D01-38

Official Solution:

In a blind taste competition, there are 3 types of tea: Type A, Type B, and Type C. Each type is presented in 3 cups, for a total of 9 cups. If a contestant tastes 4 different cups of tea at random, what is the probability that the contestant does not taste all 3 types of tea?

A. \(\frac{1}{12}\)
B. \(\frac{5}{14}\)
C. \(\frac{4}{9}\)
D. \(\frac{1}{2}\)
E. \(\frac{2}{3}\)


To ensure that the contestant does not taste all three types of tea, he must taste only two types of tea. Notice that it's impossible for him to taste just one type of tea, since he will be tasting four cups and in any case, will have to try more than one type of tea.

The number of ways to taste only two types of tea is:

\(\frac{C^2_3*C^4_6}{C^4_9}=\frac{5}{14}\):

\(C^2_3\) is the number of ways to choose which 2 types of tea out of 3 will be tasted;

\(C^4_6\) is the number of ways to choose 4 cups out of 6 cups from these 2 types of tea (2 types = 6 cups);

\(C^4_9\) is the total number of ways to choose 4 cups out of 9.

Another way:

Calculate the probability of opposite event and subtract this value from 1.

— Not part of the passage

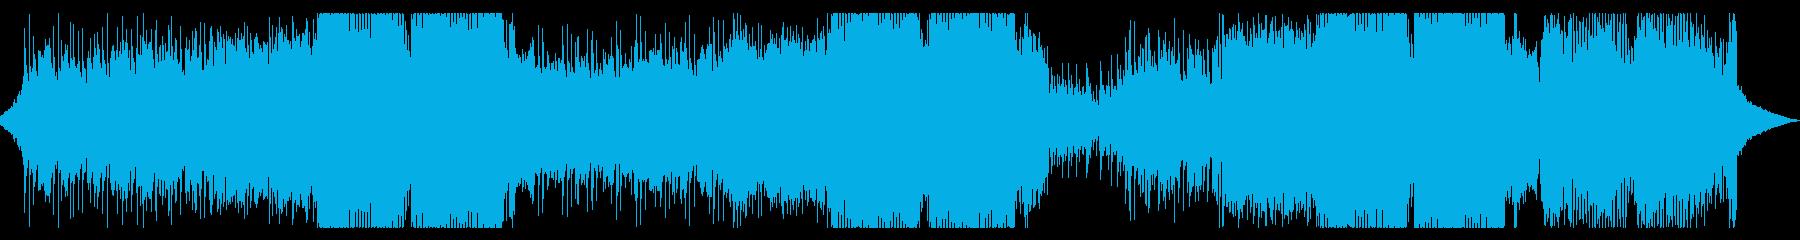 疾走感のあるEDMです。の再生済みの波形
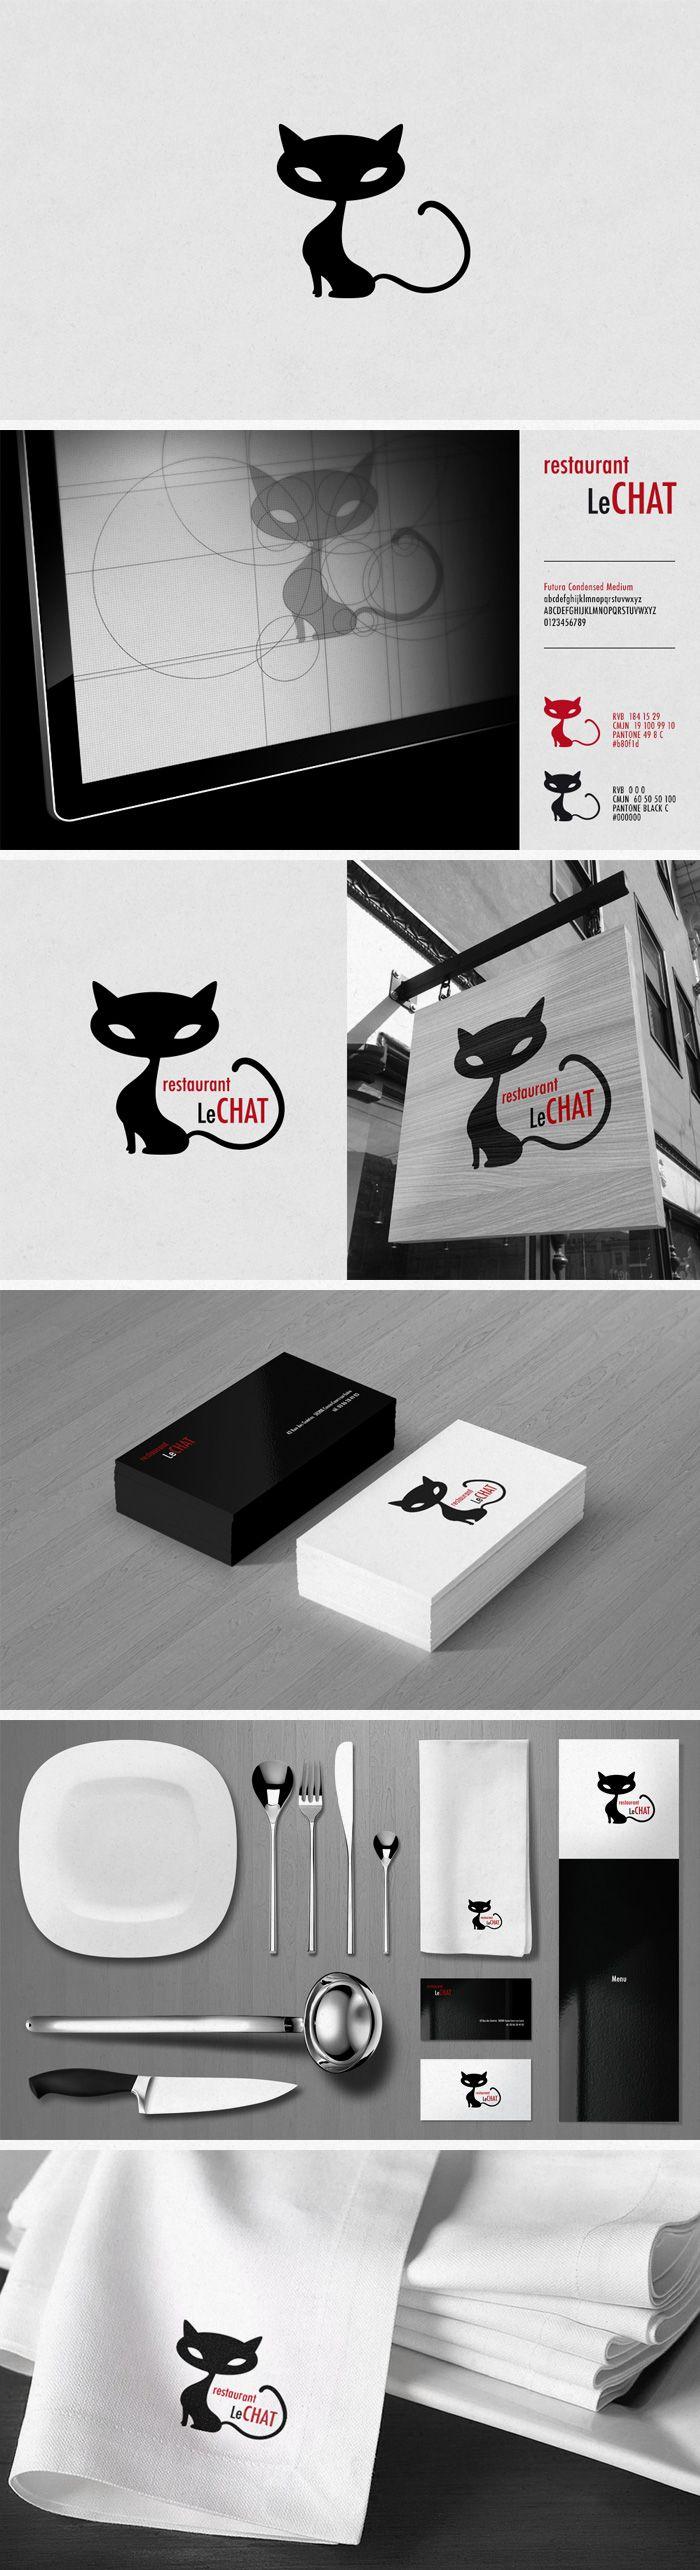 1000 id es sur le th me logo de chat sur pinterest logo inspiration logos et logos. Black Bedroom Furniture Sets. Home Design Ideas

The opposite event will be for the contestant to taste ALL 3 samples, so the contestant must choose 2 cups from one type of tea, and 1 cup from each of the other two types (2-1-1).

\(C^1_3\) is the number of ways to choose the type of tea which will provide with 2 cups;

\(C^2_3\) is the number of ways to choose these 2 cups from the chosen type;

\(C^1_3\) is the number of ways to choose 1 cup out of 3 from the second type;

\(C^1_3\) is the number of ways to choose 1 cup out of 3 from the third type;

\(C^4_9\) is the total number of ways to choose 4 cups out of 9.

\(P=1-\frac{C^1_3*C^2_3*C^1_3*C^1_3}{C^4_9}=1-\frac{9}{14}=\frac{5}{14}\).


Answer: B